Les heures s'écoulèrent dans un silence morose. Lorsqu'un gardien de prison se présenta avec deux bols de gruau et une miche de pain sec comme de la brique, Antoine se précipita sur lui.

— Merci, souffla-t-il.

L'homme hocha la tête, surpris et un peu méfiant. Il jeta un regard en coin sur la magicienne renfrognée et une expression d'aversion courut sur ses traits. Antoine nota la discrète chaînette de fer qui pendait à son cou.

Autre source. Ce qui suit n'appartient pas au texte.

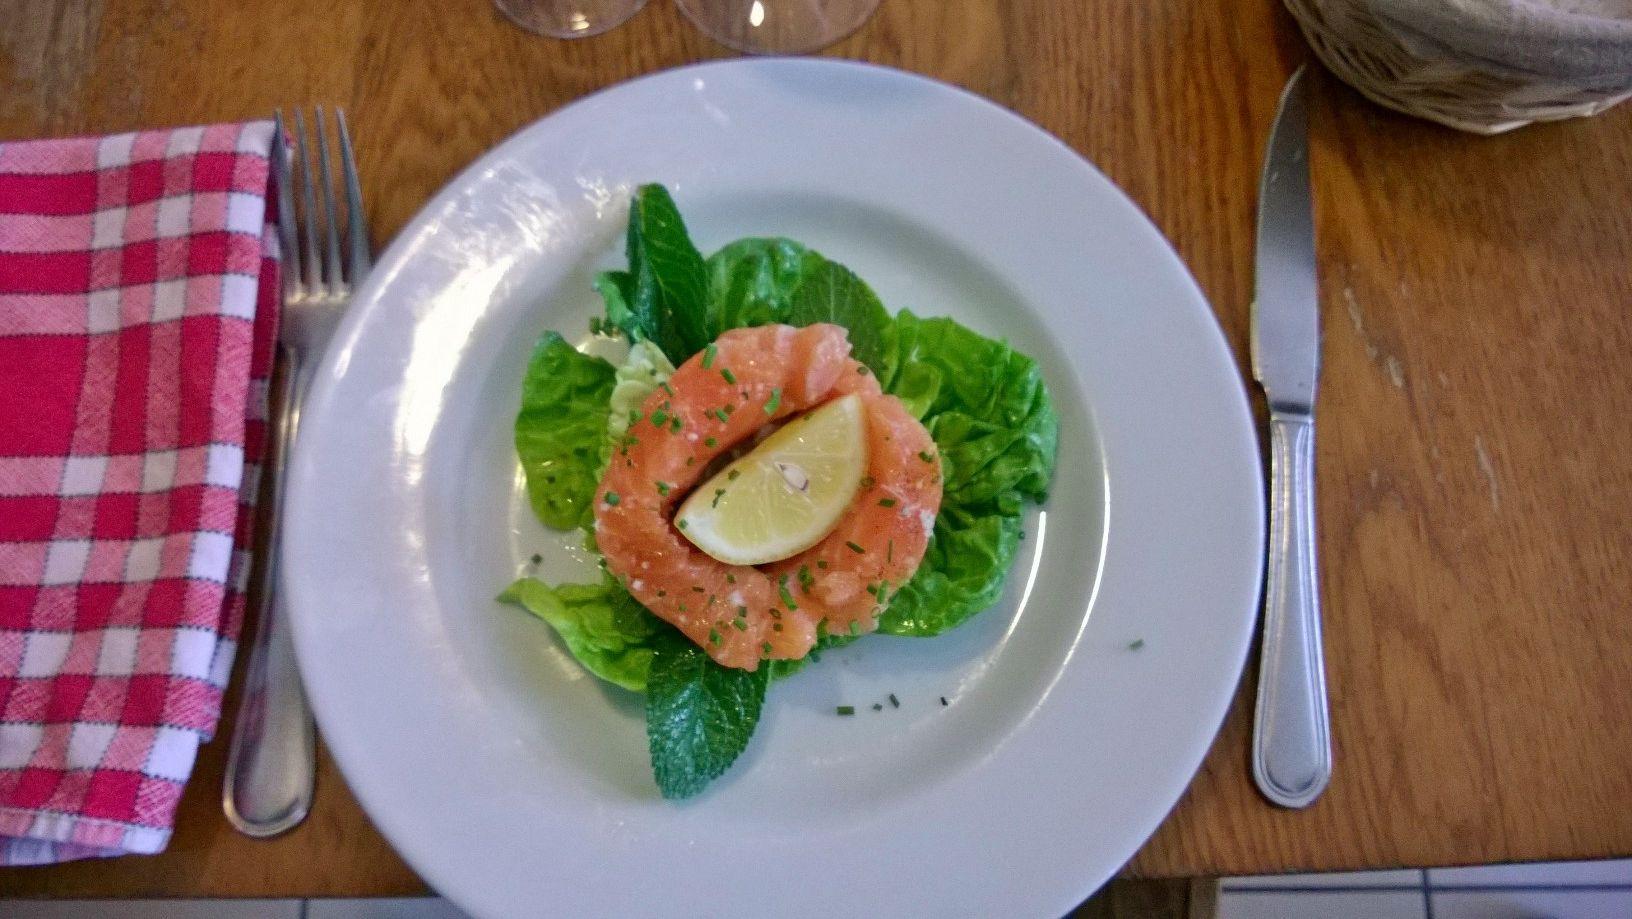 Sashimi de saumon Le Picotin Restaurant Paris 12 | Sashimi saumon, Restaurant paris 12, Sashimi

— La compagnie des magiciens me met mal à l'aise moi aussi, ajouta-t-il avec un sourire de connivence.

Pour appuyer ses dires, il porta la main à sa médaille de baptême. Le gardien suivit son mouvement. Il s'humecta les lèvres, et jeta un coup d'œil par-dessus son épaule.

— C'est vrai ce qu'on raconte ? Vous avez aidé cette sorcière à assassiner le haut mage ?

Antoine secoua la tête.

— Je n'ai rien fait de tel.

— Dommage, grimaça l'homme.

Il désigna la médaille.

— Vous voulez que j'appelle un prêtre ? Je sais pas si l'un d'eux acceptera de s'approcher d'elle, mais...

— Un prêtre ? répéta Antoine sans comprendre.

— Bein oui, pour la confession.

Un serpent replia ses anneaux glacés autour des poumons du jeune homme. De l'autre côté de la cellule, la magicienne s'était figée pour suivre l'échange.

— Mais... et le procès ? Le jugement n'a même pas été rendu ! souffla-t-il.

Le gardien lui jeta un regard désolé.

— Je ne sais pas... ils préparent une estrade sur la place, en face de la prison. On dit qu'ils veulent faire un exemple.

— La peine de mort est abolie depuis quatre ans pour les crimes politiques, releva la magicienne.

L'homme sursauta et recula d'un pas. Il esquissa un rapide signe de croix avant de cracher :

— Faut croire qu'ils font une exception pour les démons de ton espèce... Tu vas pouvoir retrouver les enfers d'où l'on t'a tirée à la naissance.

L'atmosphère de la cellule changea d'un coup. Antoine le sentit sur sa peau. Un crépitement. Comme la piqûre de l'air froid en hiver. Une force magnétique qui dressait chacun de ses cheveux sur son crâne et lui donnait la chair de poule.

La magicienne fondit sur lui, le visage furieux. Ses mèches brunes virevoltaient, mues par une énergie invisible. Le gardien pâlit et plongea la main dans son col pour détacher la petite croix de fer suspendue à son cou. Il la brandit en avant comme si ce ridicule symbole pouvait le protéger.

— Que savez-vous de l'enfer ? siffla-t-elle.

Le maton tremblait comme une feuille, et Antoine devait bien avouer qu'il n'en menait pas large non plus.

— Je sais que c'est de là que vous puisez vos pouvoirs contre nature ! bredouilla l'homme.

S'il semblait sur le point de défaillir, il ne manquait pas d'un certain courage.

La magicienne afficha une moue écœurée et esquissa un geste de la main. Il y eut un grésillement et le gardien poussa un glapissement de douleur. Avec un tintement métallique, la croix de fer glissa au sol, fumante.

— Diablesse ! siffla l'homme en serrant sa paume brûlée contre sa poitrine. J'assisterai avec joie à ton exécution et cracherai sur ta tête lorsqu'elle tombera !

Puis comme, s'il craignait de nouvelles représailles, il se précipita sur la porte de la cellule. Antoine faillit se jeter en avant pour le retenir, mais la magicienne lui barrait la voie et il ne tenait pas à approcher une sorcière en colère. Pas sans y être forcé du moins.

Le gardien claqua le lourd battant et le verrouilla dans un cliquetis.

— Vous ne nous aidez pas... commença à grommeler Antoine.

Lentement, elle se tourna vers lui.

— Vous avez quelque chose à ajouter ?

Il déglutit, la bouche asséchée par le ton aride de la jeune femme et leva les mains en l'air.

— Sans façon.

— Alors, dépêchons-nous de sortir d'ici.